(Beginning of Dataset excerpt)

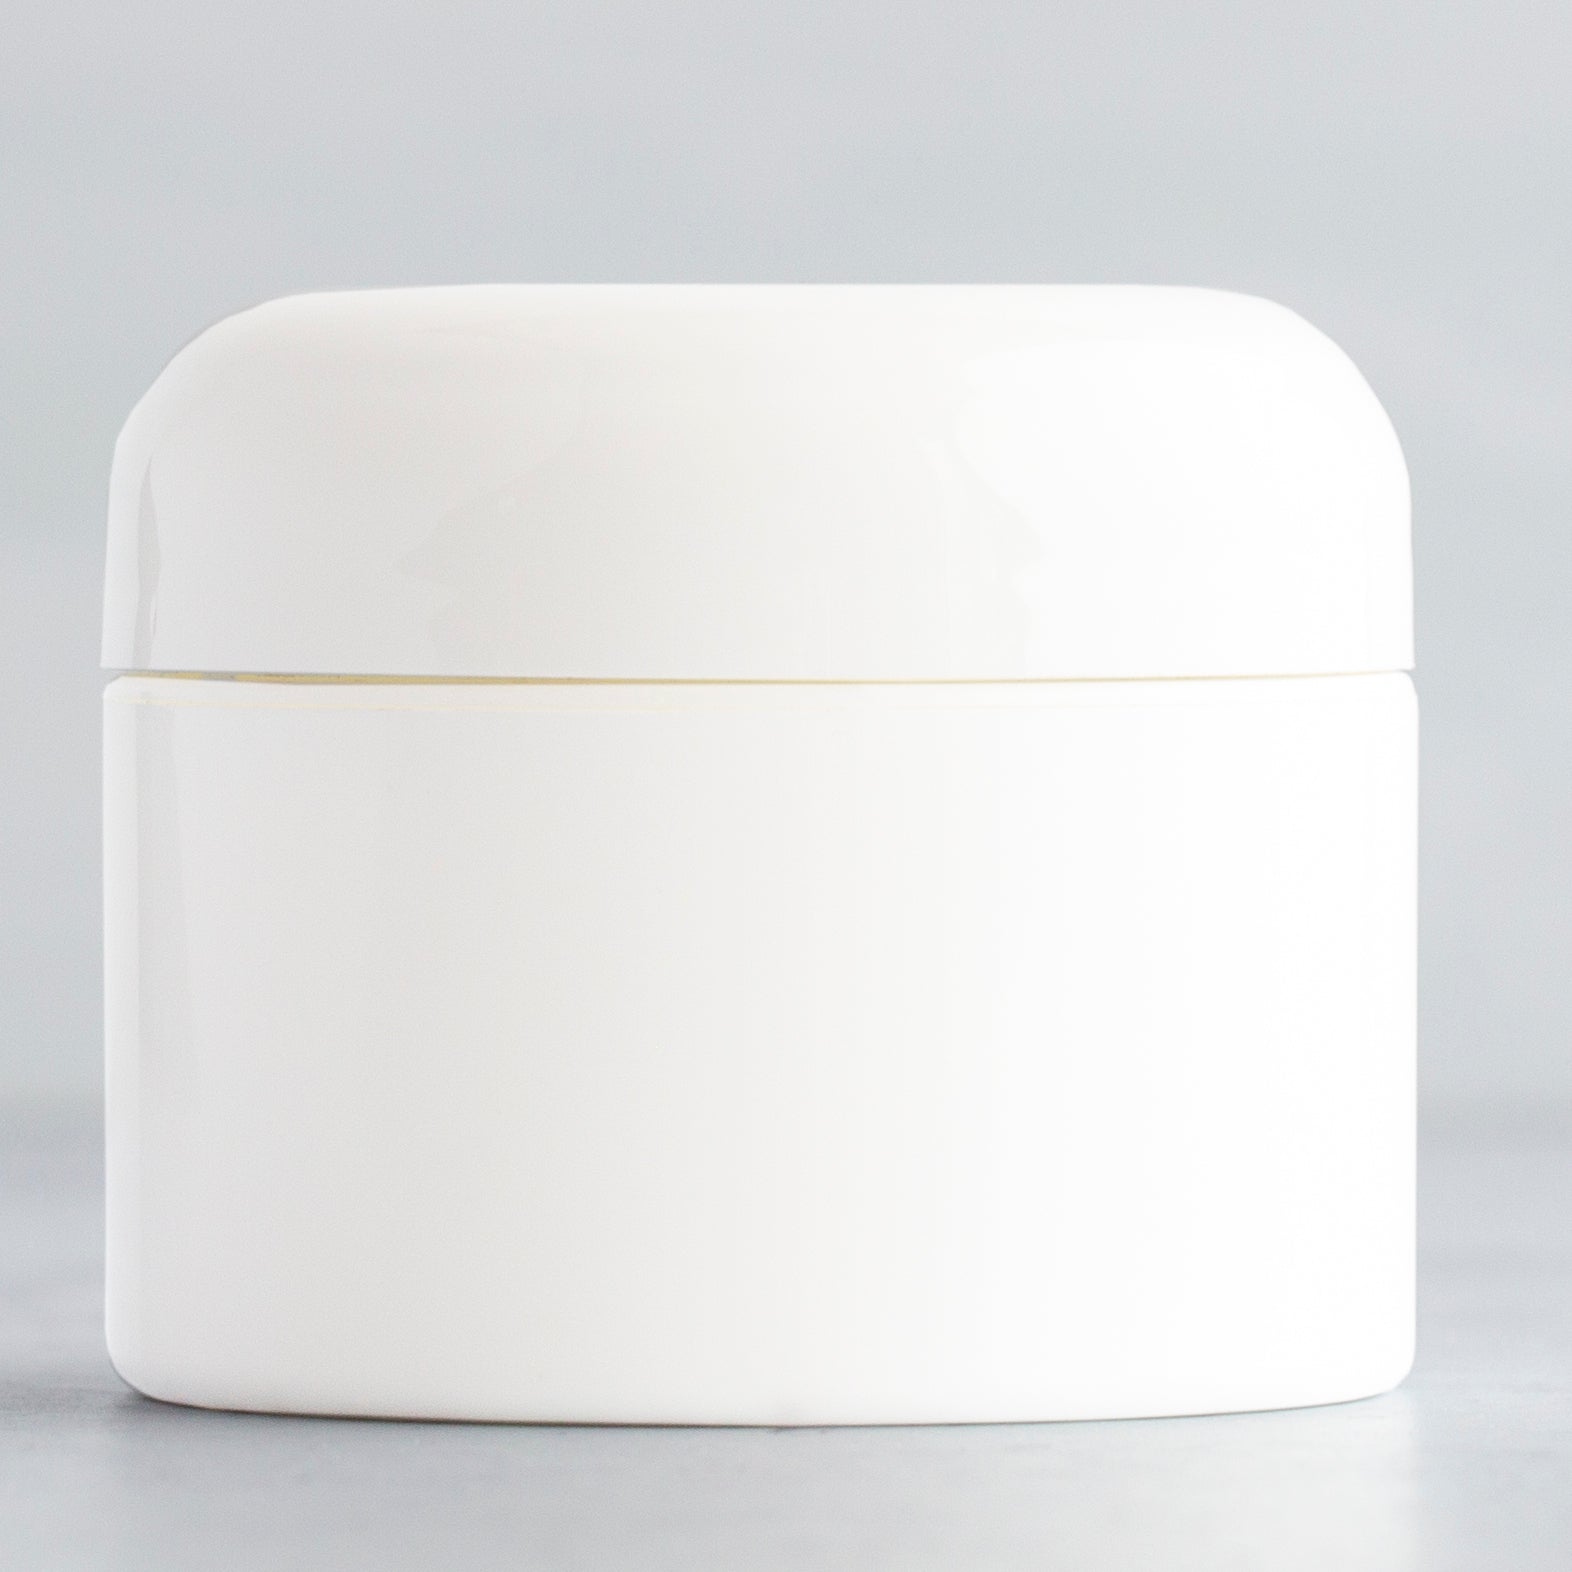 1 oz White Square Base Plastic Jar with White Dome Cap
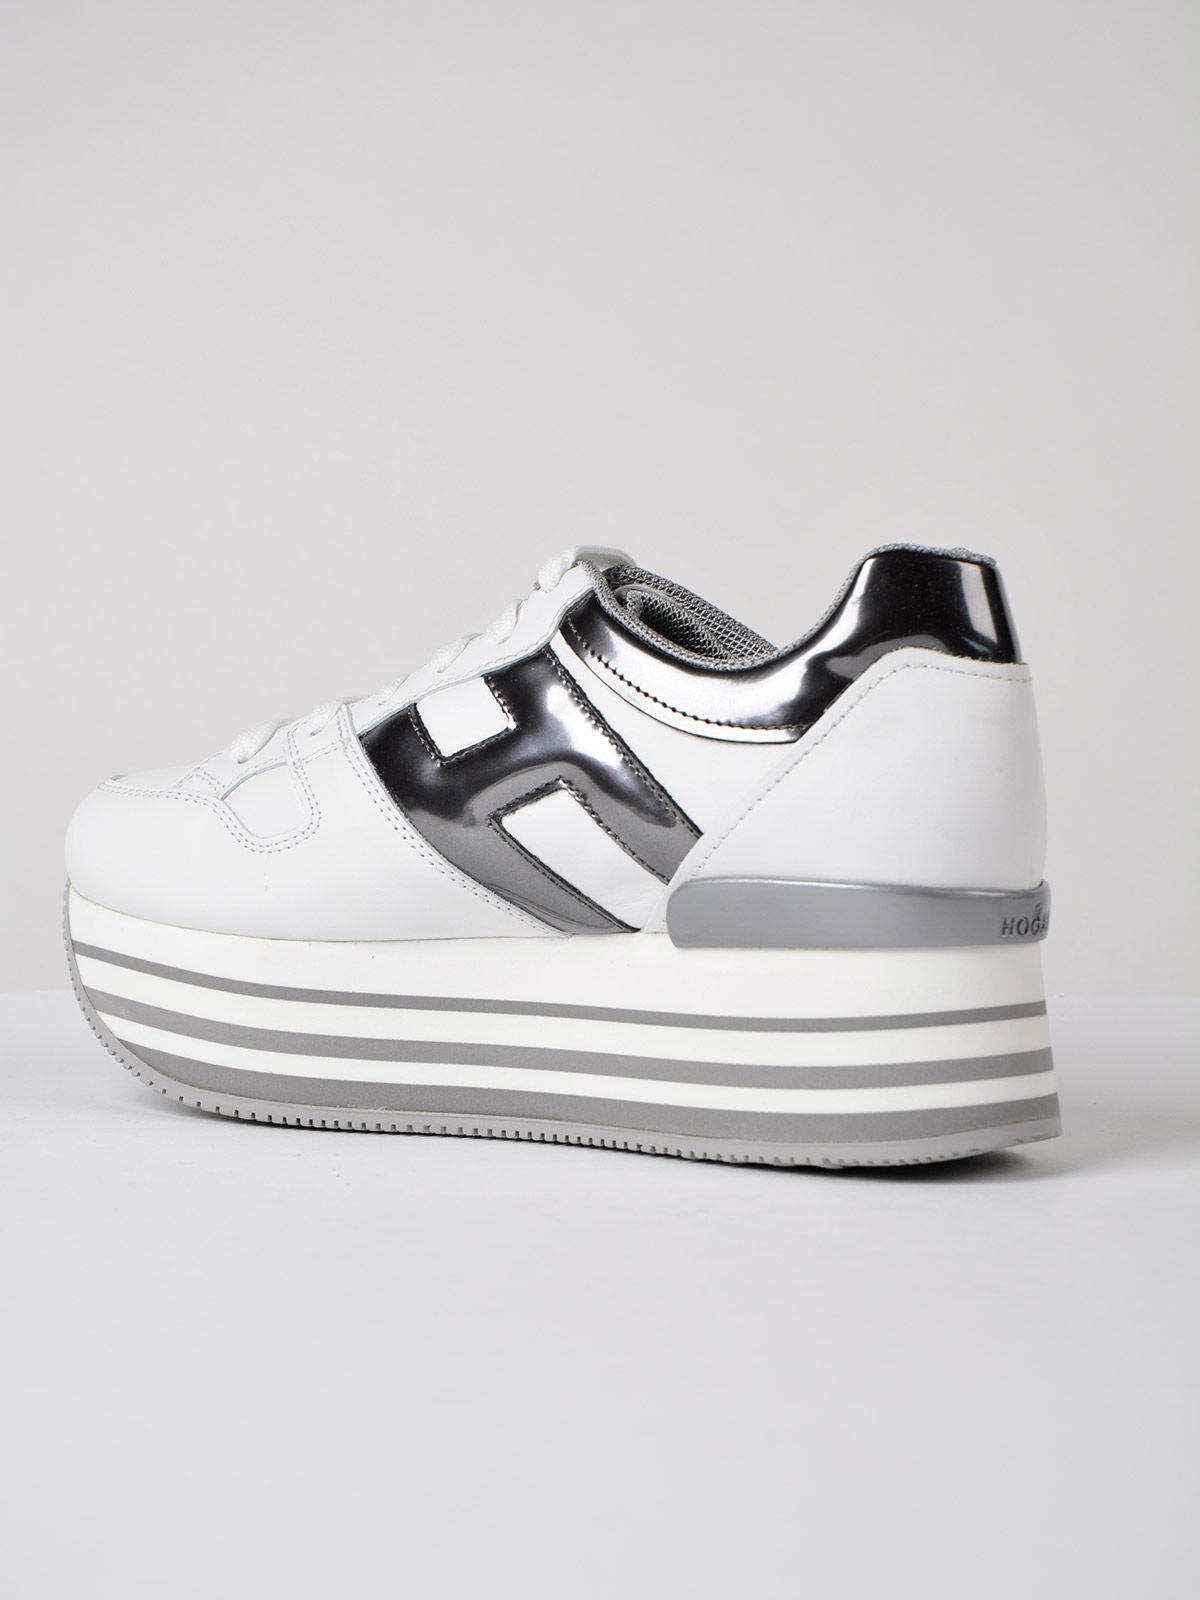 Hogan - Hogan Maxi H222 Platform Sneakers - White, Women's Sneakers ...
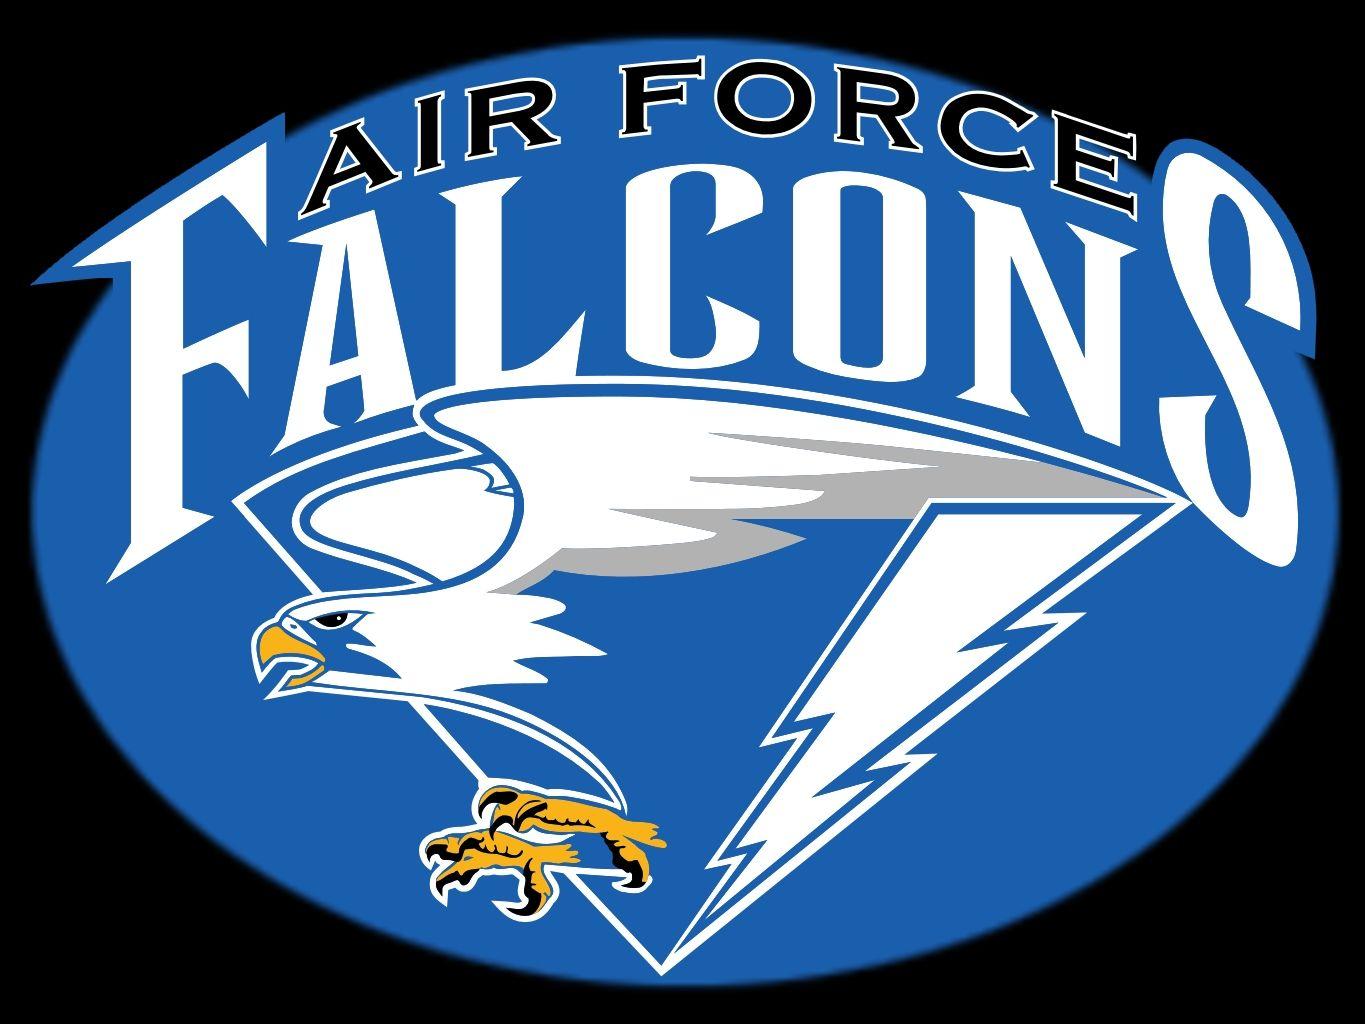 Air Force Football Logo - Air Force Falcons | Wallpaper and Cover Photos | Pinterest | Falcons ...

(End of Dataset excerpt)

* [Exercise goal]: Omitting the pictures, write out the material above exactly as it stands.

* [Task response]:
 1 oz White Square Base Plastic Jar with White Dome Cap
 Hogan - Hogan Maxi H222 Platform Sneakers - White, Women's Sneakers ...
 Air Force Football Logo - Air Force Falcons | Wallpaper and Cover Photos | Pinterest | Falcons ...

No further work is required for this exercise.